◆ **What to work on**: A word-for-word copy of the following listing is needed. Leave out its images.

◆ **Available data**:
----
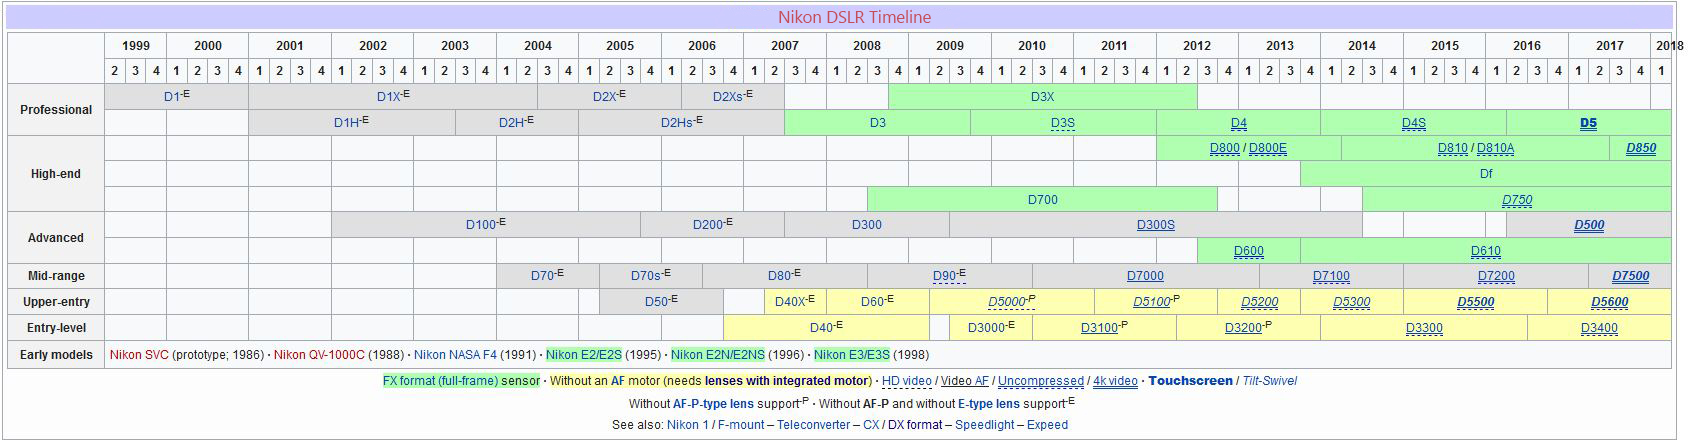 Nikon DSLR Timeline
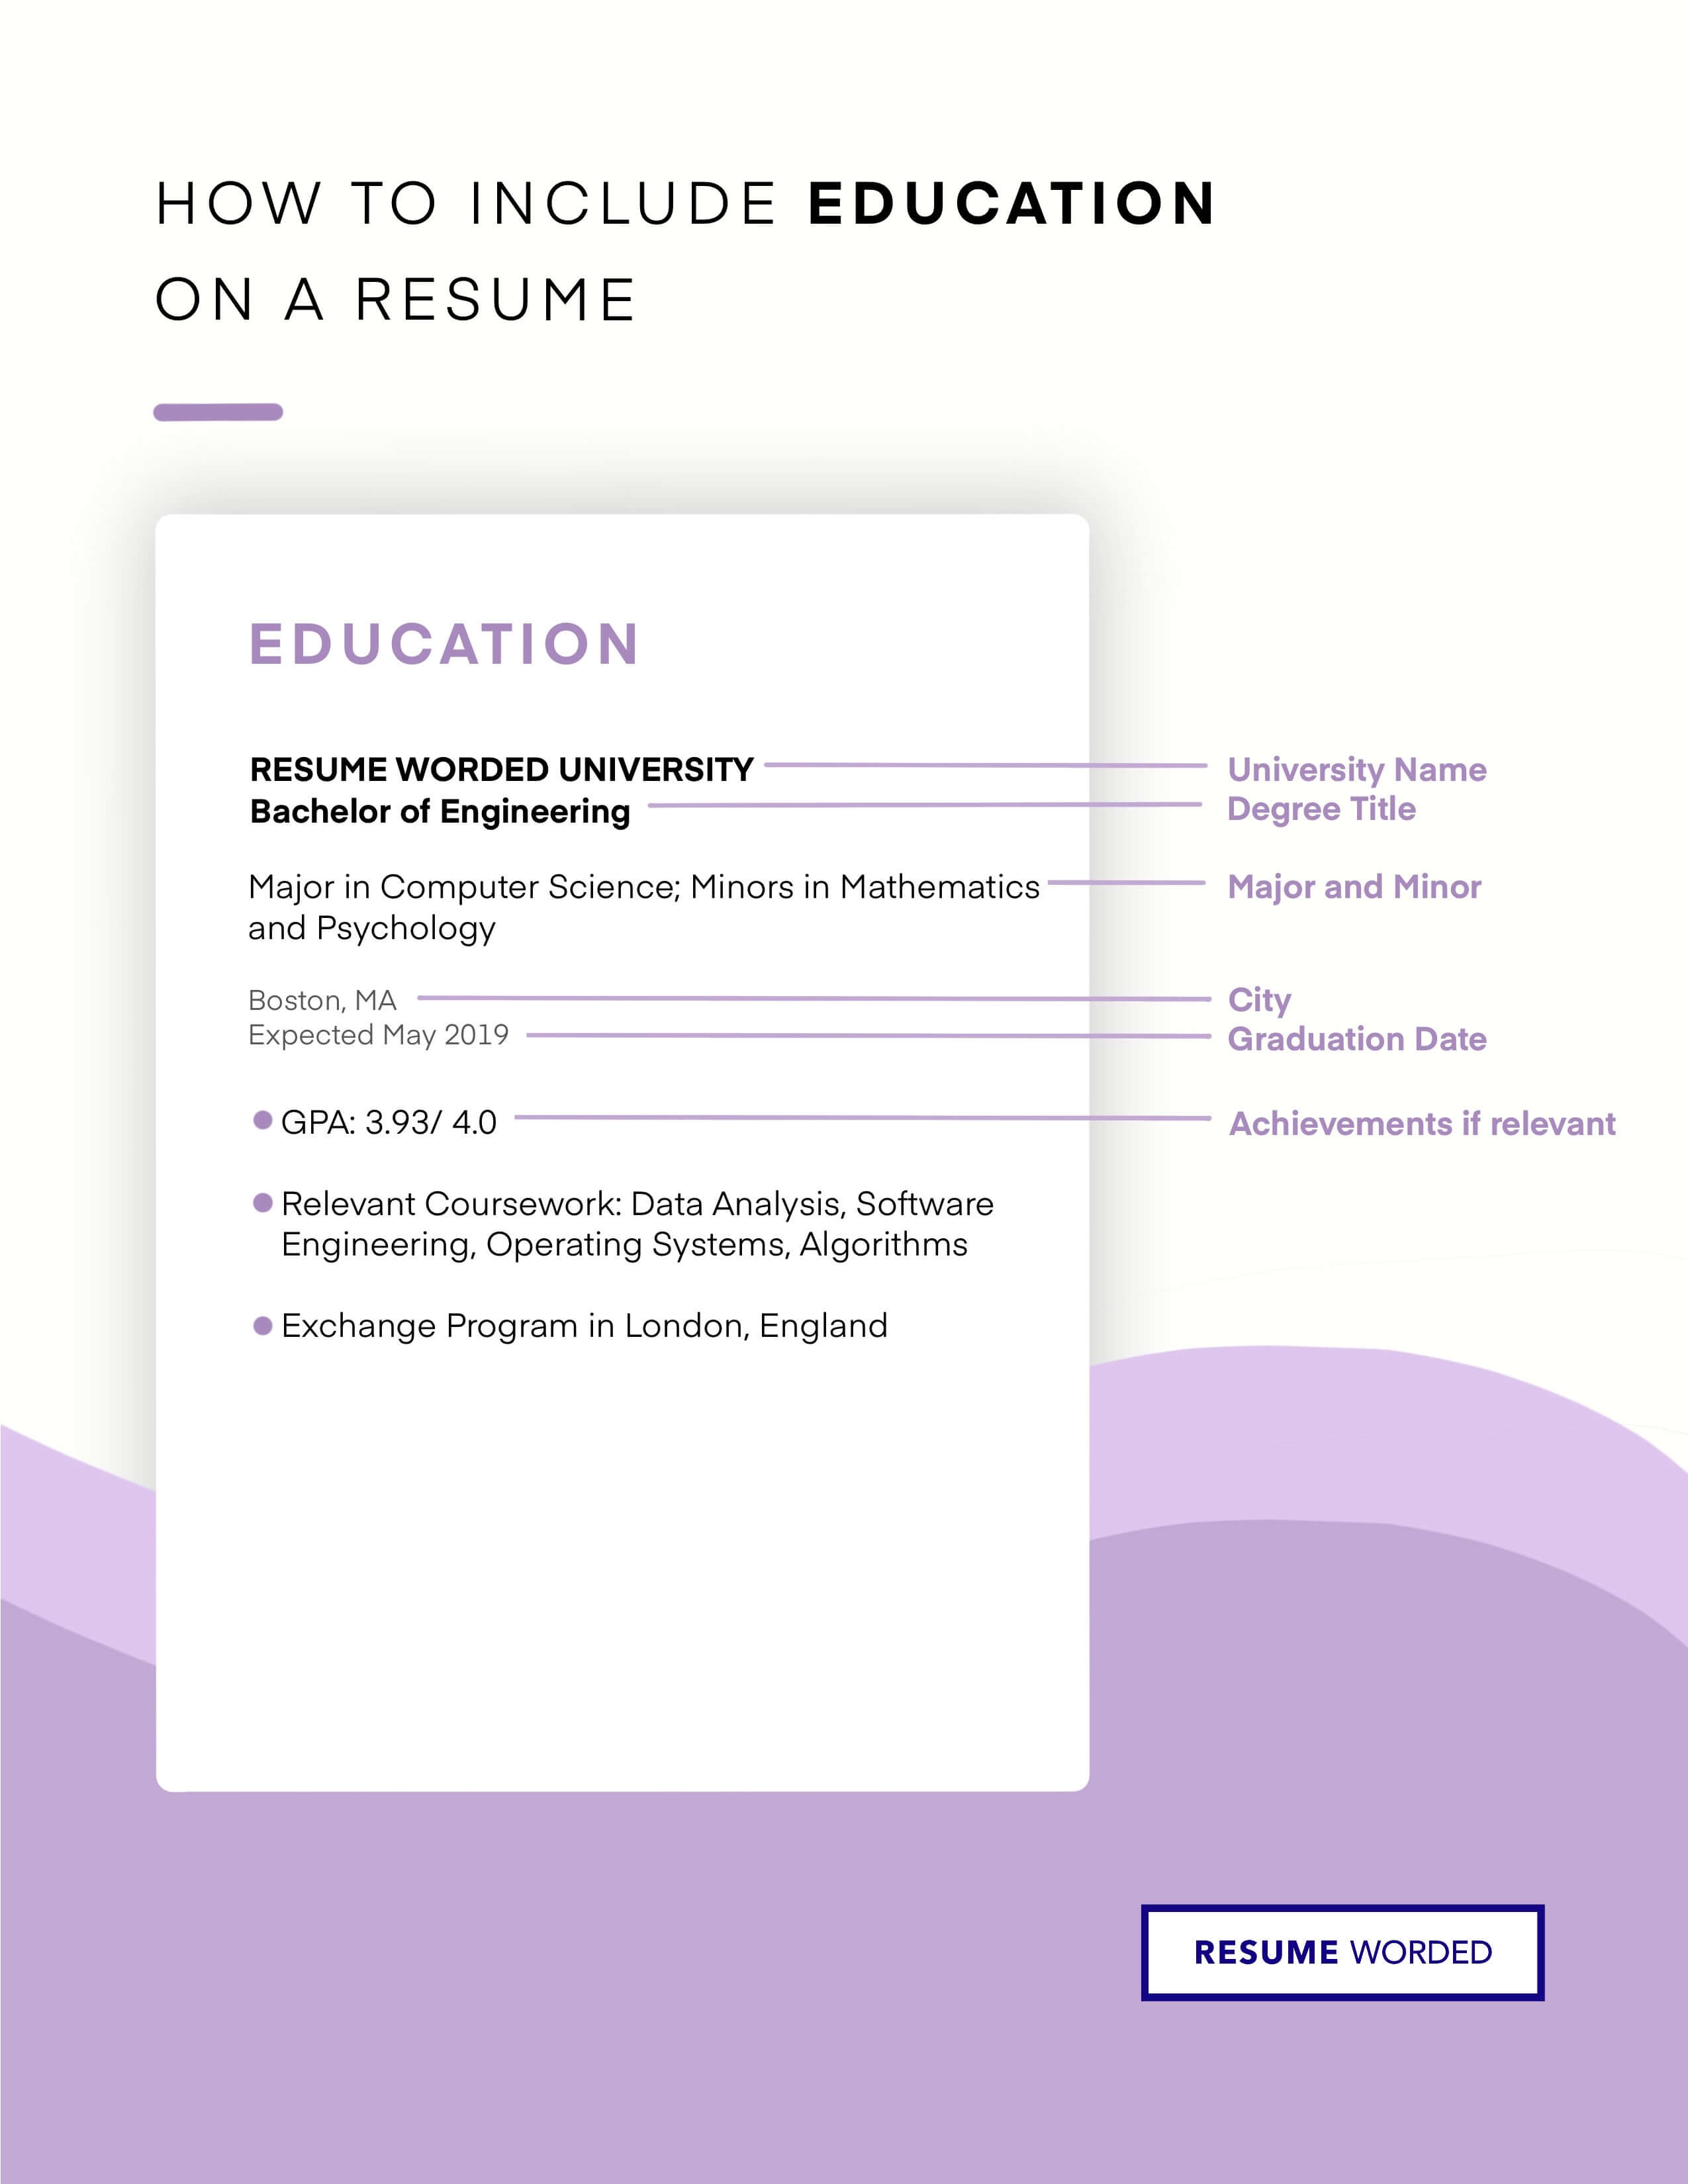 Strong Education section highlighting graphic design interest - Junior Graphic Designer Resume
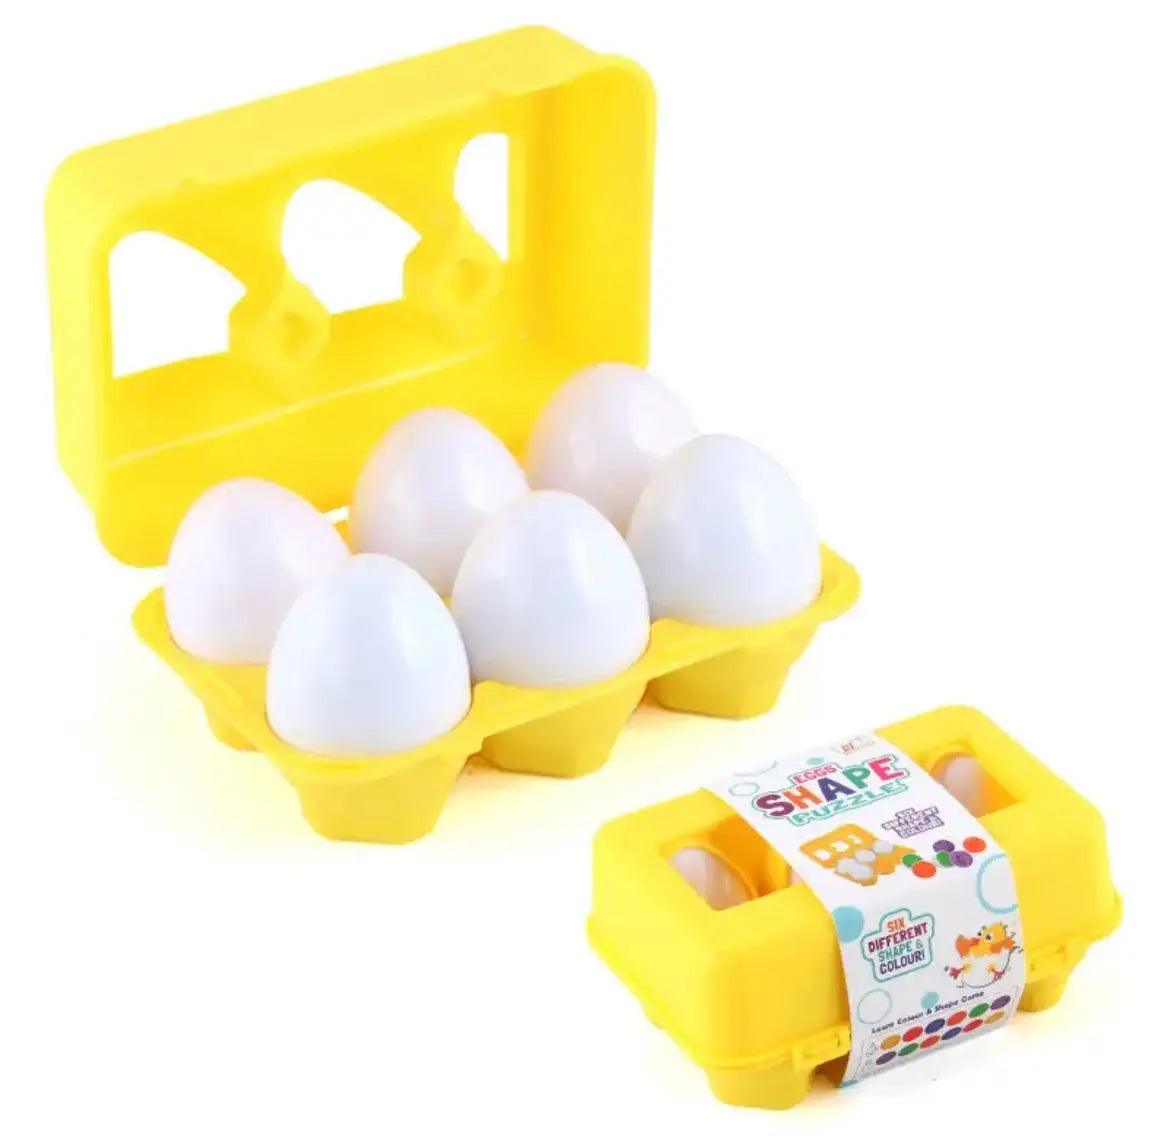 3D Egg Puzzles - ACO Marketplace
----
◆ **Answer section**:
 Nikon DSLR Timeline
 Strong Education section highlighting graphic design interest - Junior Graphic Designer Resume
 3D Egg Puzzles - ACO Marketplace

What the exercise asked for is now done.